サックス(サキソフォン)は1840年代にベルギーの楽器製造者(演奏者、指導者でもある)アドルフ・サックスにより設計されました。サックスの名前は製作者のアドルフ・サックスに由来しています。

1846年にはパリでソプラノサックスからバスサックスまでの特許が取得されました。

木管楽器のレスポンスの速さと金管楽器の遠くまで伸びる音色、木管楽器と金管楽器の良さを併せ持つサックスは、本体はブラス(真鍮)製でありながら発音機構はクラリネット等と同じく「シングルリード」である為、木管楽器に分類されています。

サックスは当初フランスの軍楽隊で重宝されていました。木製のクラリネットなどよりも天候に左右されない側面もあったからでしょう。

しかしヨーロッパのクラシック音楽の中にはなかなか浸透しませんでした。
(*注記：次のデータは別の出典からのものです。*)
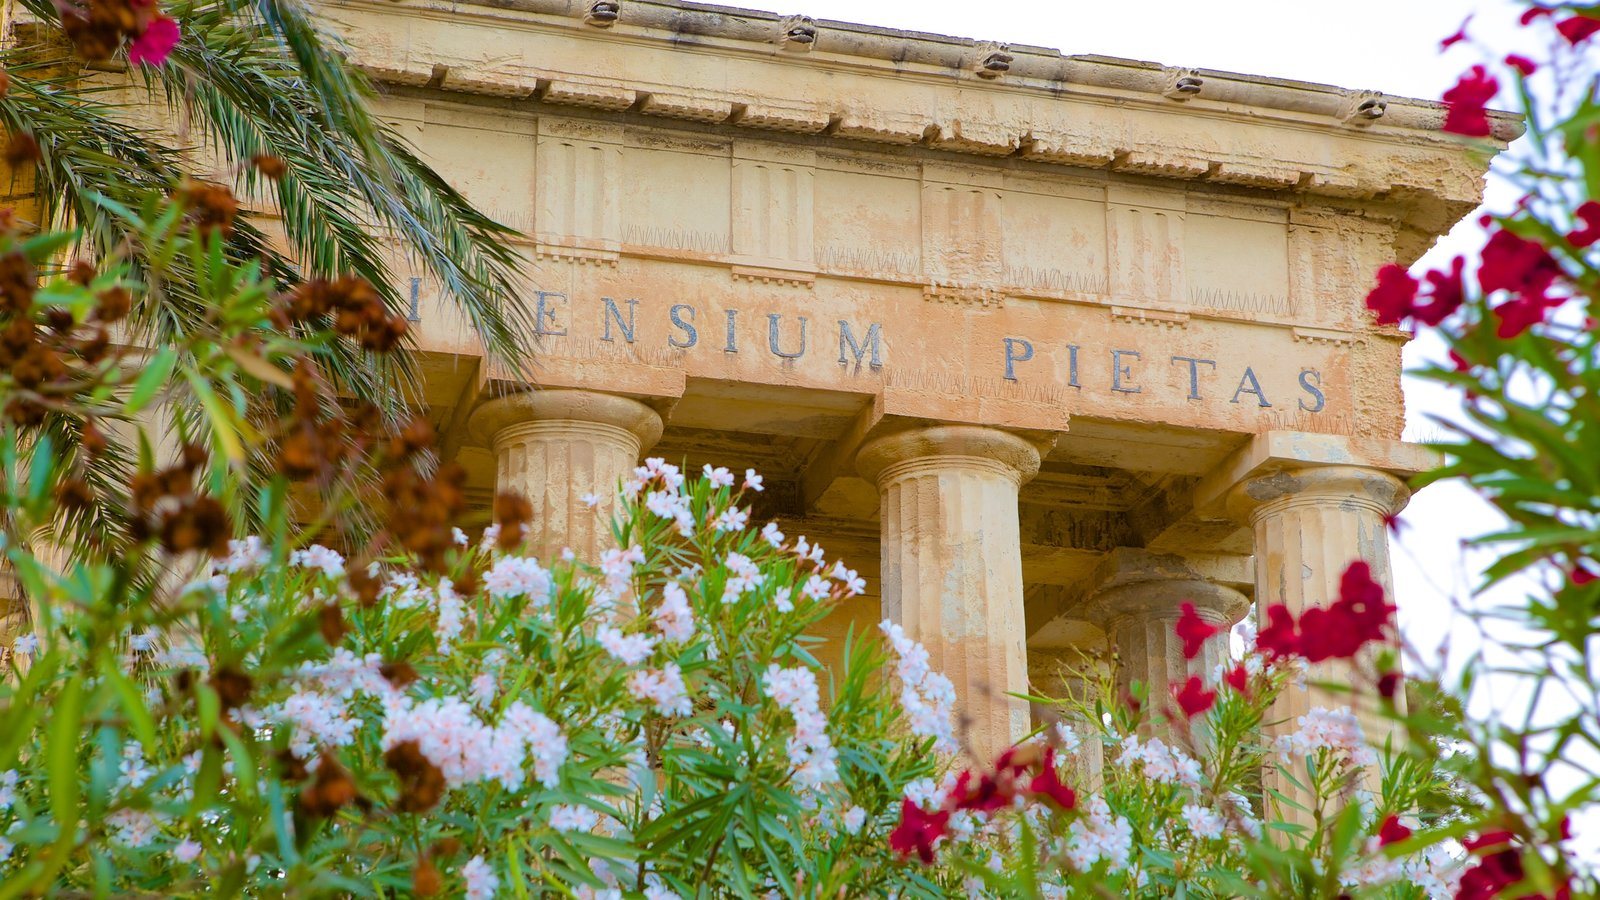 Jardins Inferiores de Barrakka caracterizando arquitetura de patrimônio e flores
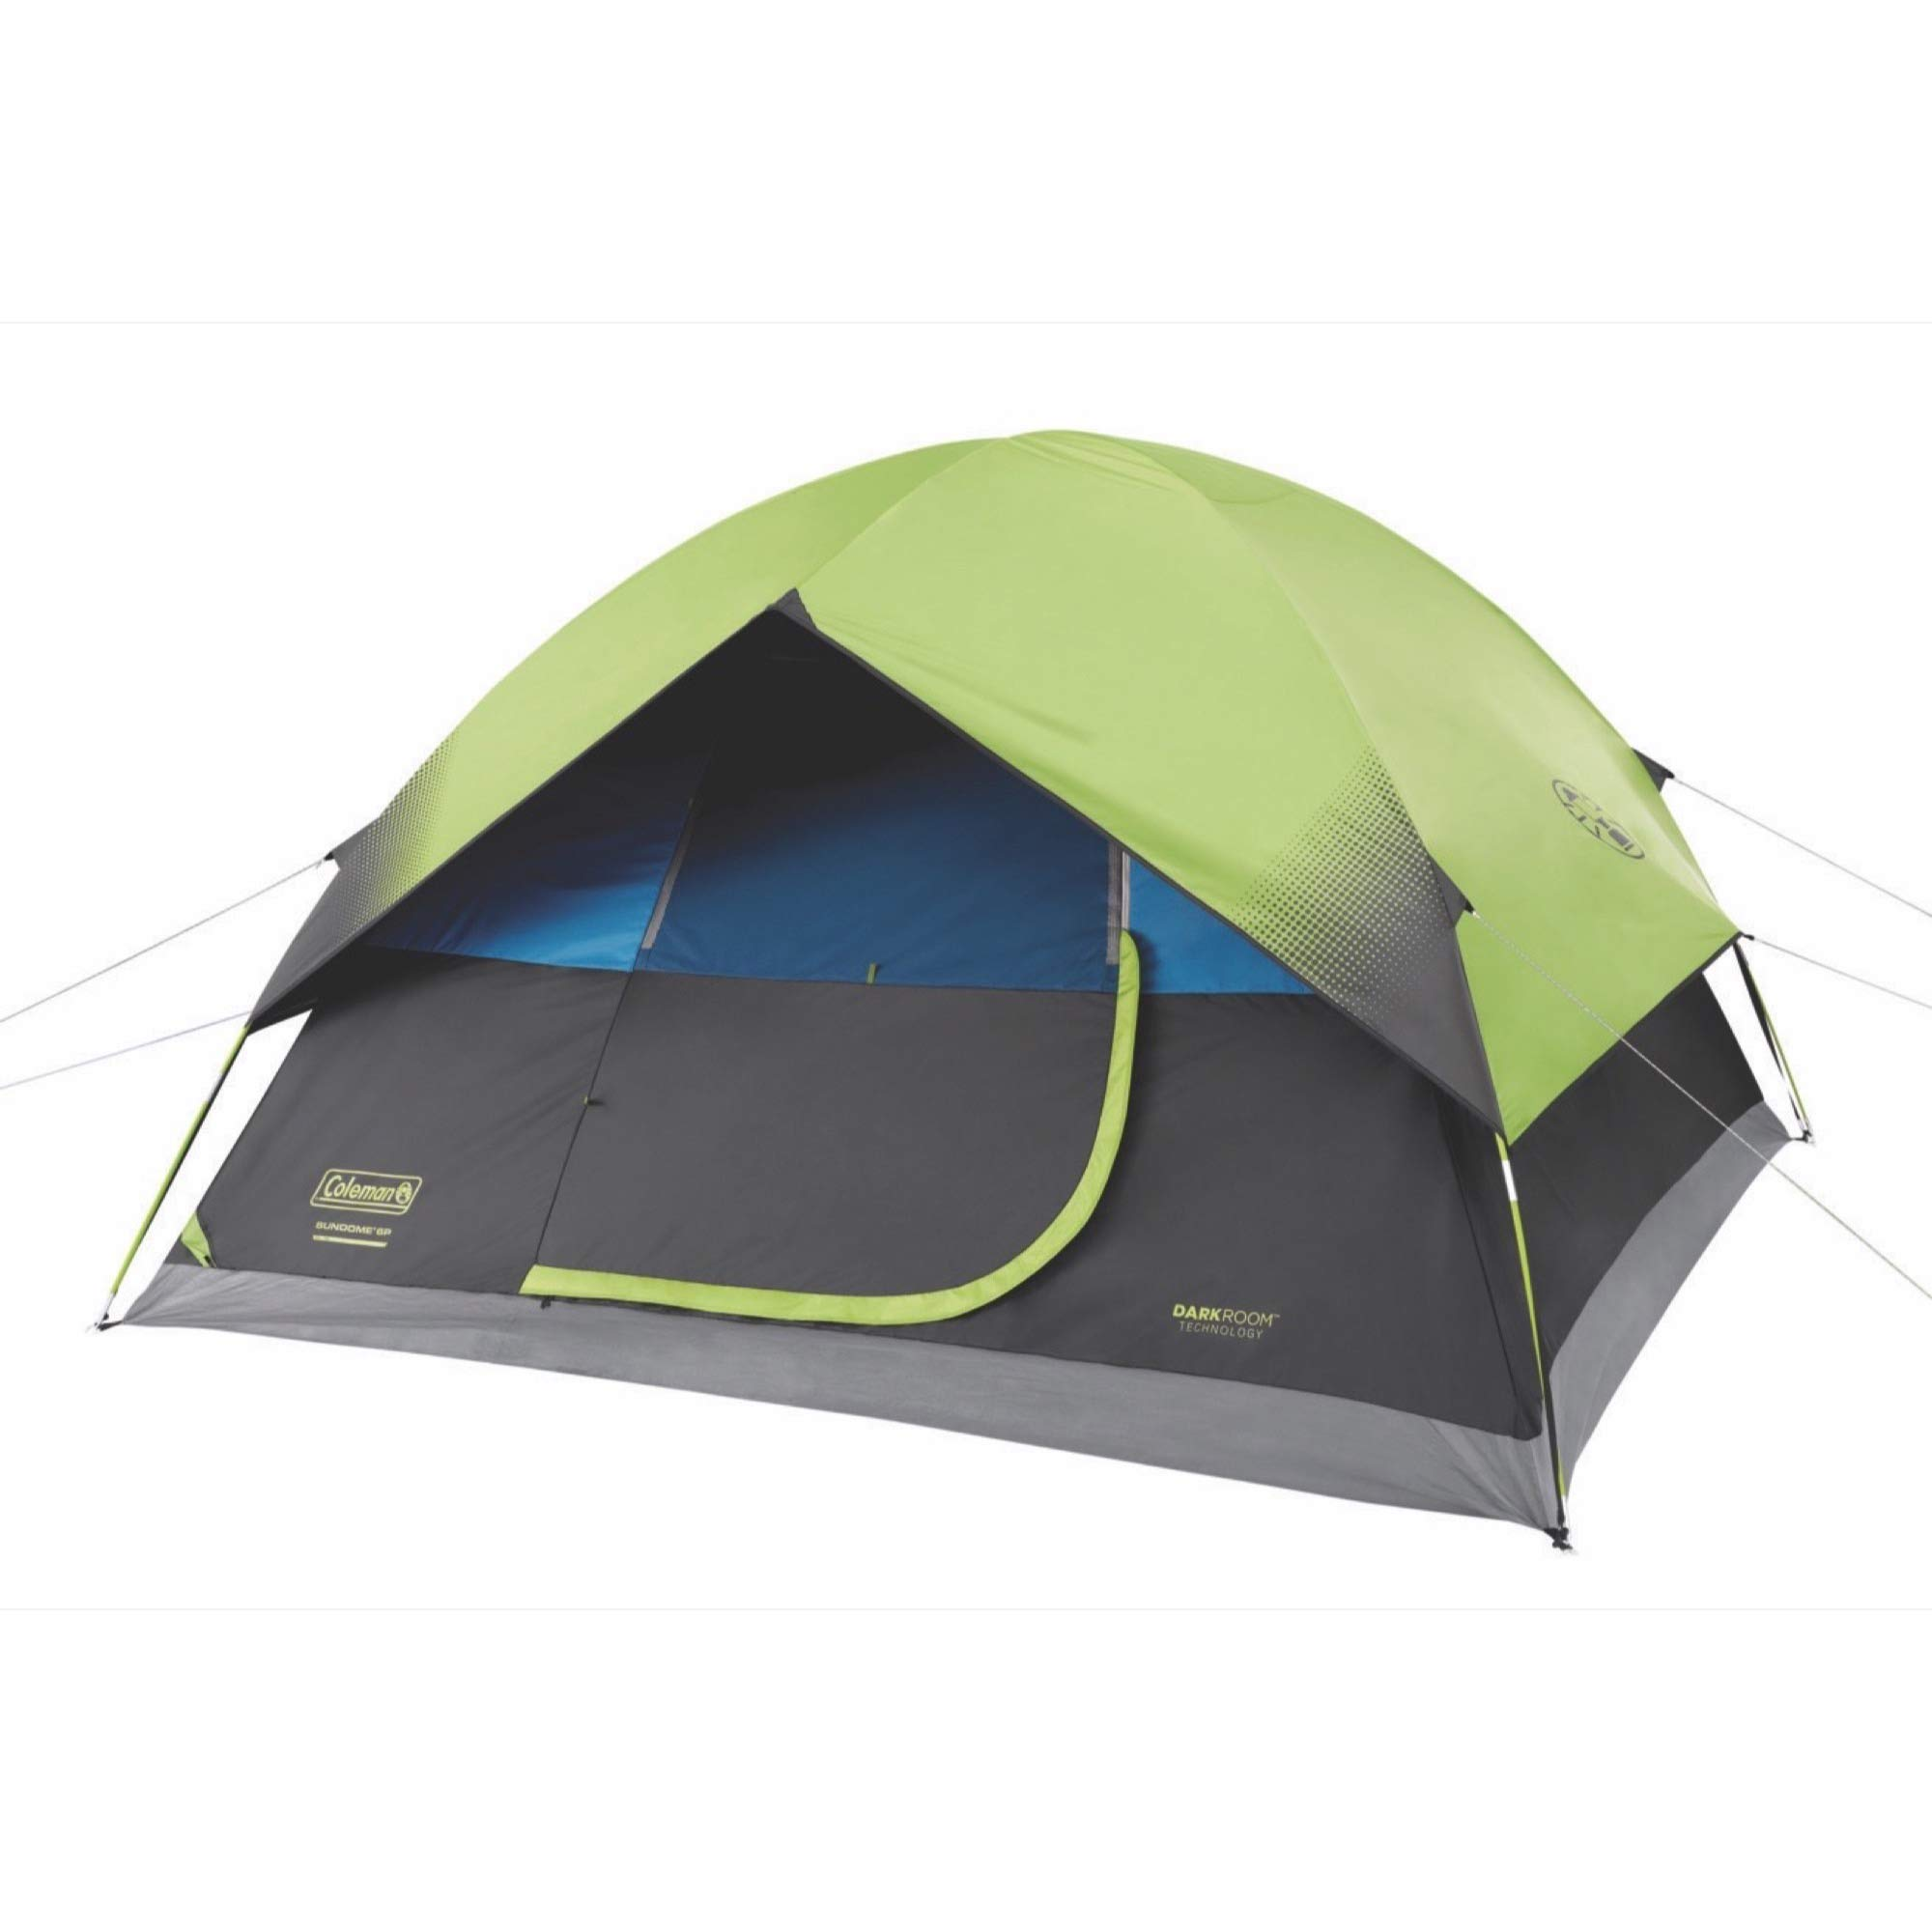 Coleman 6-Person Dark Room Sundome Tent, Green/Black/Teal

翳りを見せるサックスの人気・・。パリの音楽院では1870年からはサックスの授業が行われなくなるなど低迷期を迎えます。

(例外的な部分もあります。1872年に発表されたジョルジュ・ビゼーの アルルの女(全27曲)や、1928年のモーリス・ラヴェルによる ボレロ の中にはサックスが非常に効果的に使われています。)

<アルルの女>第2組曲 2間奏曲
<ボレロ>

(クラシックでは珍しくマークシックスが使われていますね!)

そんな低迷した時期、サックスの人気を支えたのはアメリカです。

1872年、サックス奏者のエドワード・A・ルフェーブルはニューヨークに渡り、演奏とサックスの普及活動を開始。1880年代の終わり頃に金管楽器メーカーのC.G. コーン社に協力を求めます。

当時は手に入りにくく高価で、機構的に信頼性の低かったヨーロッパのサックスを改良し、安価で手に入りやすいアメリカ市場向けのサックスを開発したのです。1890年代にはC.G. コーン社と関連会社のブッシャー社にてサックスの生産体制が整い、サックスはアメリカでは飛躍的に入手しやすくなりました。

そして1920年代にはジャズの流行と共に大衆への認知度も高まっていき、黄金期のジャズの象徴的楽器となっていくのでした。